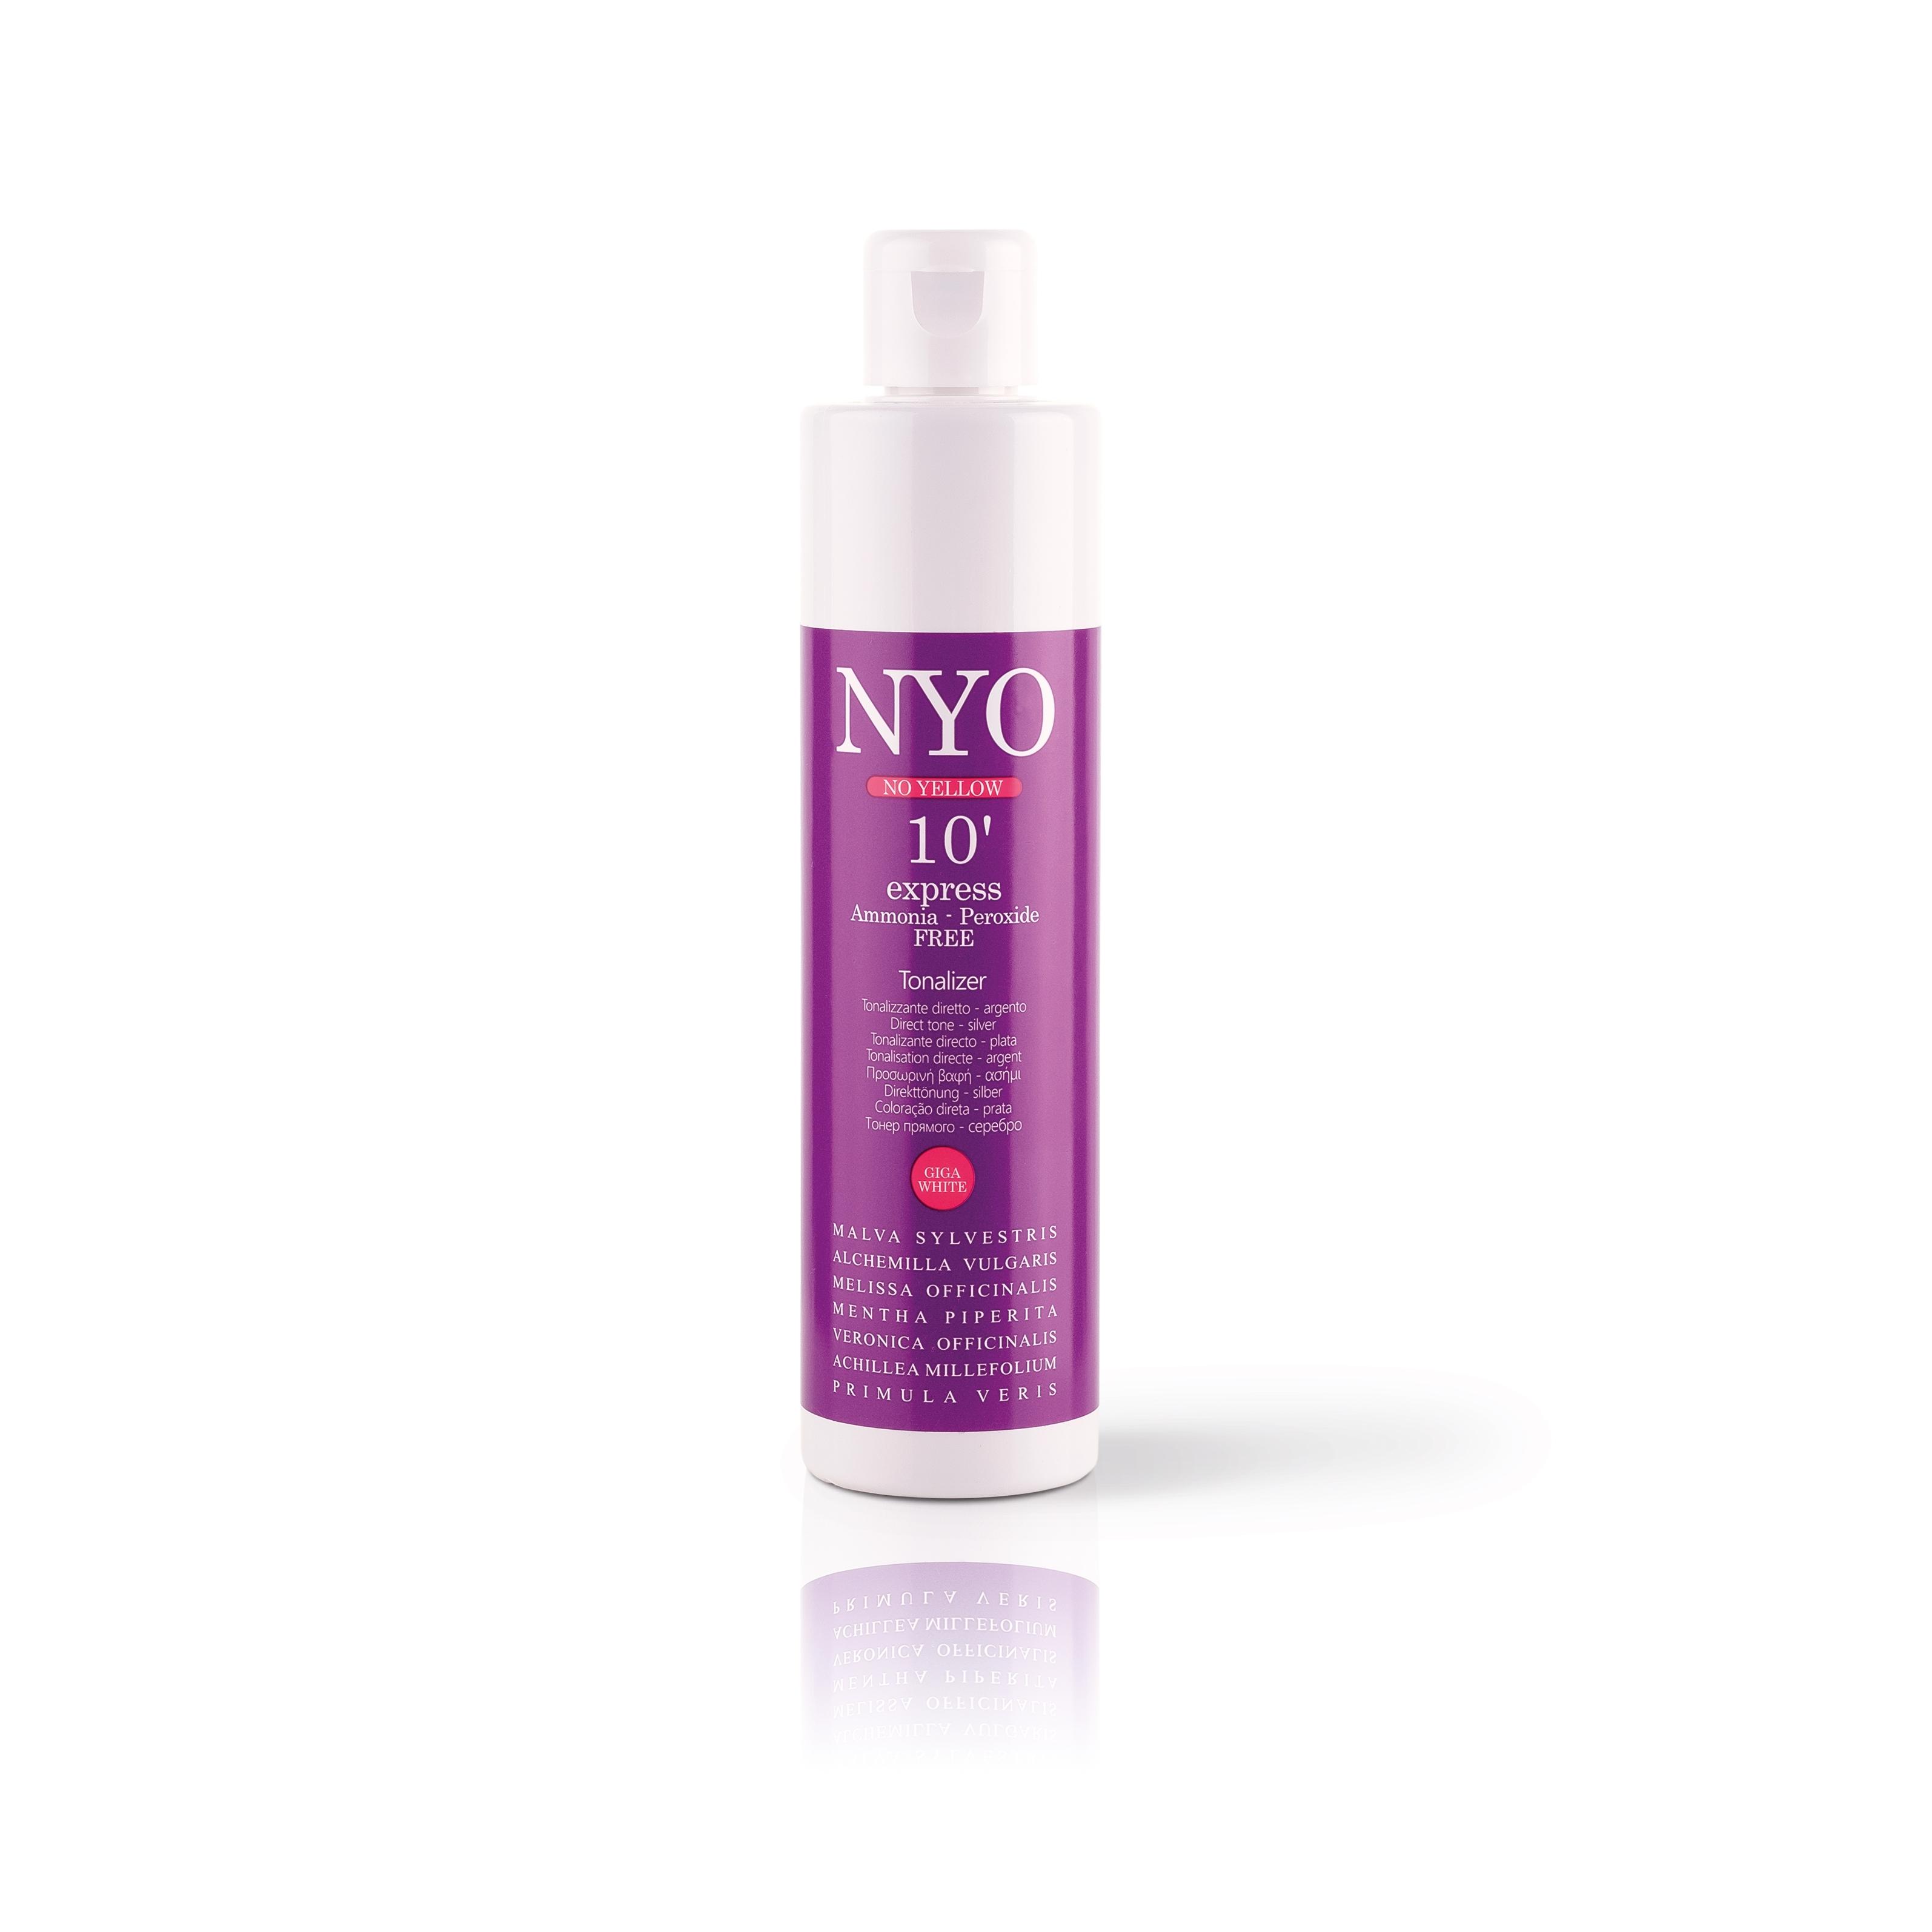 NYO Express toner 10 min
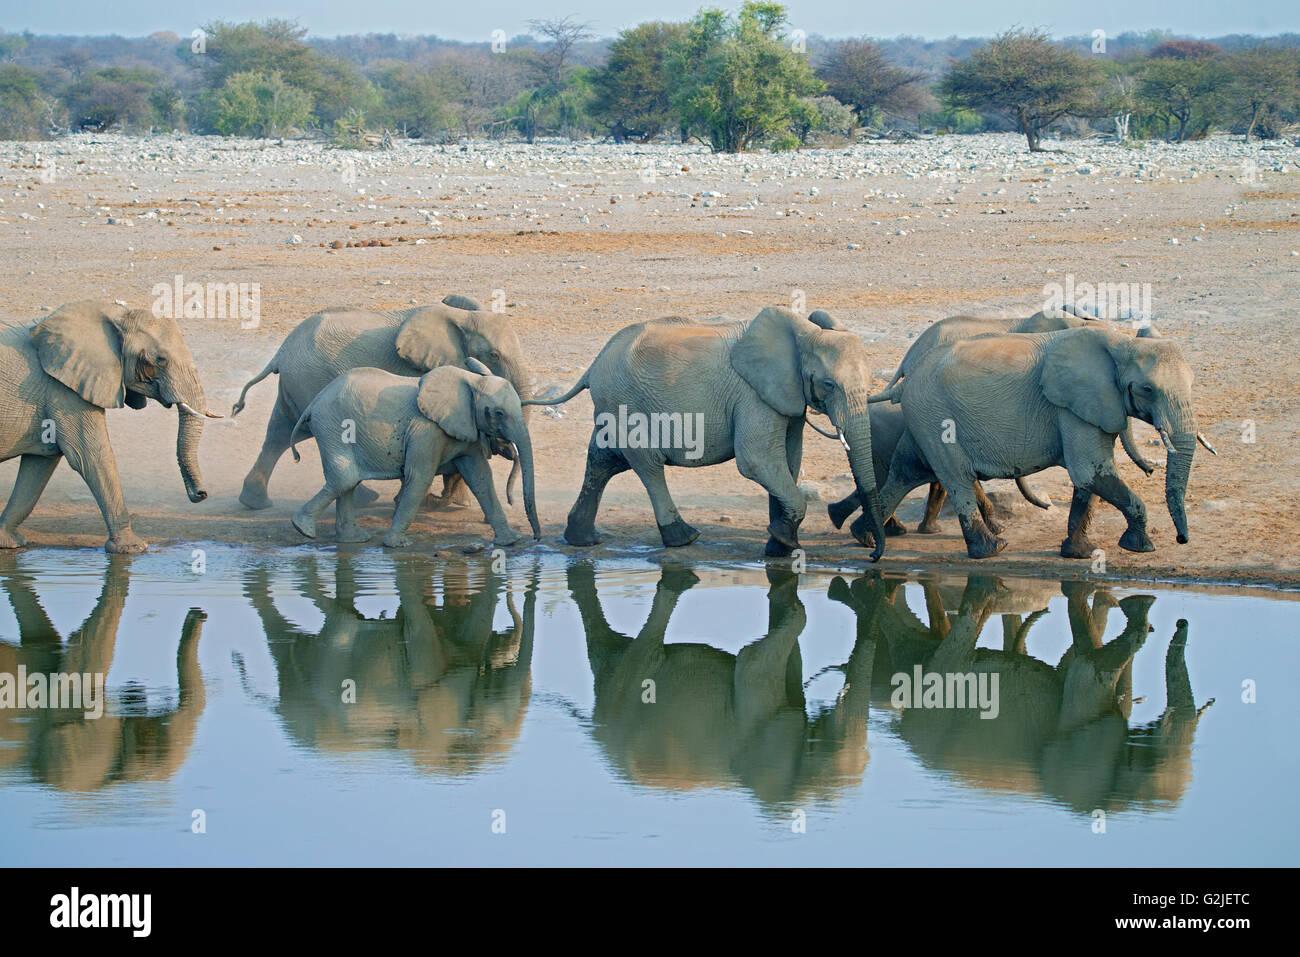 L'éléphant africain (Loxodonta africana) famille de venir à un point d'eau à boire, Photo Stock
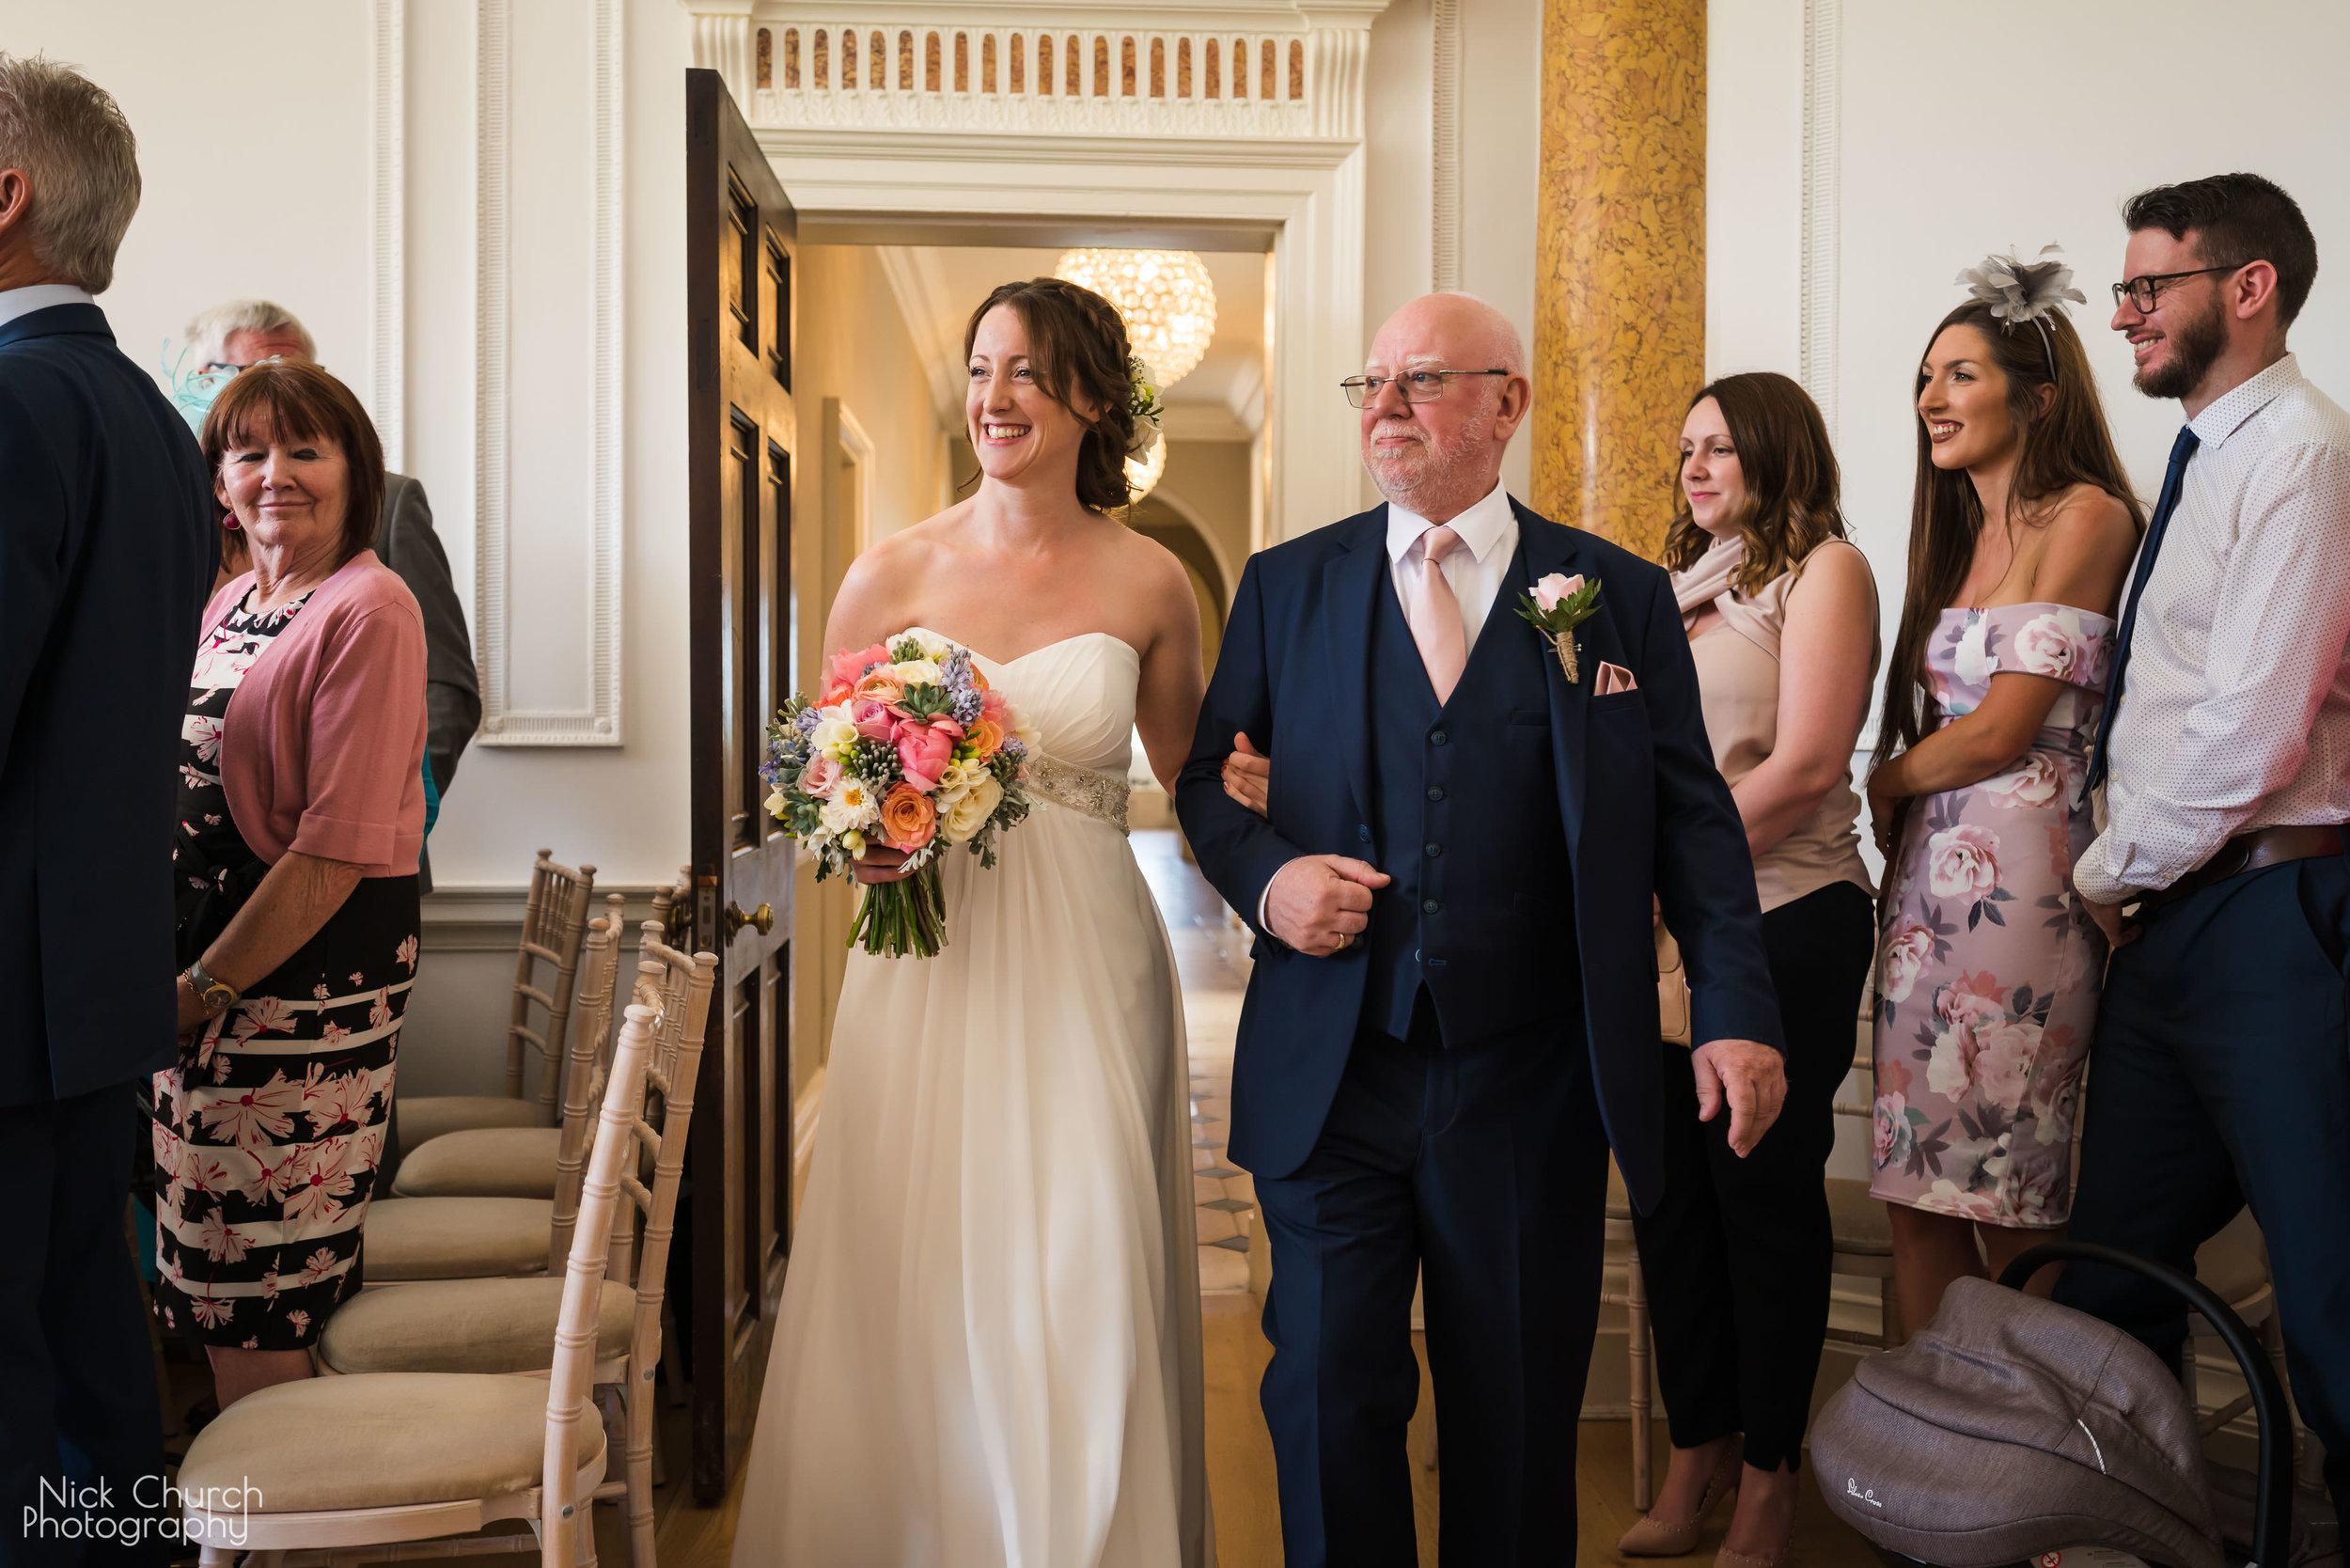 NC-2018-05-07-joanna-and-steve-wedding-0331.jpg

......

Work order:
With pictures excluded, restate word for word the lines from the one that contains "L'éléphant africain (Loxodonta" through the end of the material, inclusive, and nothing more.

Answer box:
 L'éléphant africain (Loxodonta africana) famille de venir à un point d'eau à boire, Photo Stock
 NC-2018-05-07-joanna-and-steve-wedding-0331.jpg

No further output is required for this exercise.